For Great Innovation Do Not Follow the Money

Both Seth Godin and Guy Kawasaki, doyens of entrepreneurship, agree that great innovation is seldom achieved by pursuing revenue streams. Nor does Peter Drucker centre on money in his guide to the practice of innovation. Advice that rubs against any corporate managers grain (mine included); what business manager is comfortable without his trusty profit and loss spreadsheet ?

The hunt for a disruptive advantage on the market has no easy financial guide. Seth’s view is that the pursuit of money is at the expense of your innovative drive


pioneers are almost never in it for the money. The smart ones figure out how to take a remarkable innovation and turn it into a living (or a bigger than big payout) but not the other way around. I think the reason is pretty obvious: when you try to make a profit from your innovation, you stop innovating too soon. You take the short payout because it’s too hard to stick around for the later one.
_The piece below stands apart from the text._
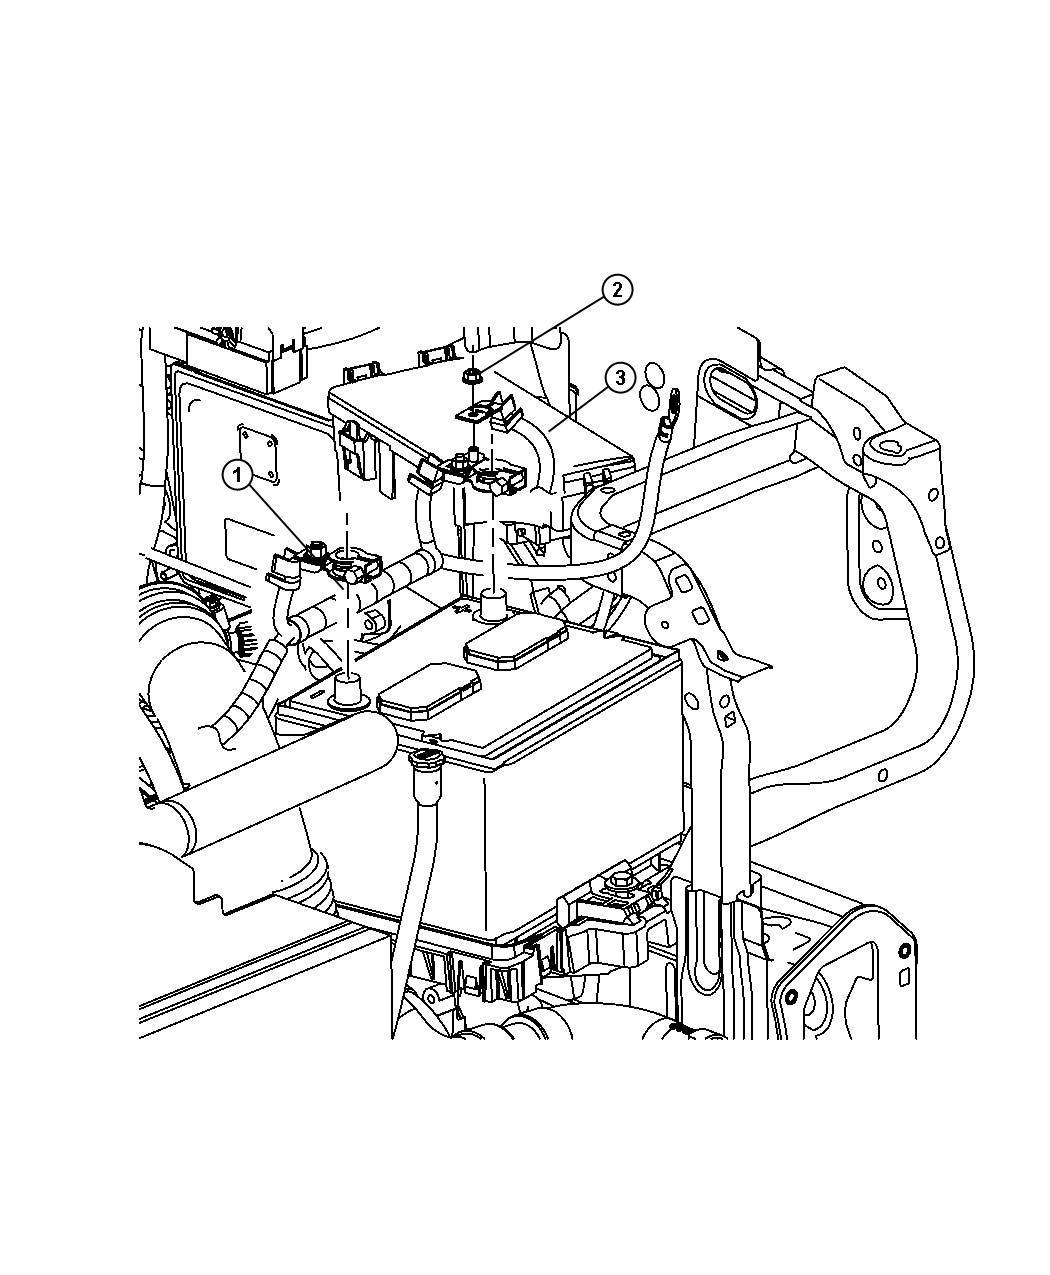 Dodge Caliber Battery Wiring

Guy cites the pursuit of meaning, and not the pursuit of money, as guiding light in your innovation hunt.

My experience is that innovation hunting requires an artist’s approach to the market, services and products; a total obsession of the subject matter at hand. Like great pianists or painters, the innovator must have talent & training in the art form in question. Most corporate managers have neither the time nor the patience for the learning curve involved.

Denizens of this creative innovator class have, in my experience, different culture and value systems from that found among professional managers. And, in spite initial protests, the MBAs I recruit accept that the creative staff are more prolific and bountiful in launching succesful services.

The irony is that as soon as you execute your idea, you commit to customers, you have salaries to pay, it is all about the cash flow and quality of service. Then financial spreadsheet skills, administrating, and the ability to squeeze the lemon come to the fore.

Nowadays, good corporate management and creative innovation go hand in hand. Successful company cultures, like Google’s, have to accomodate the two contrasting approaches.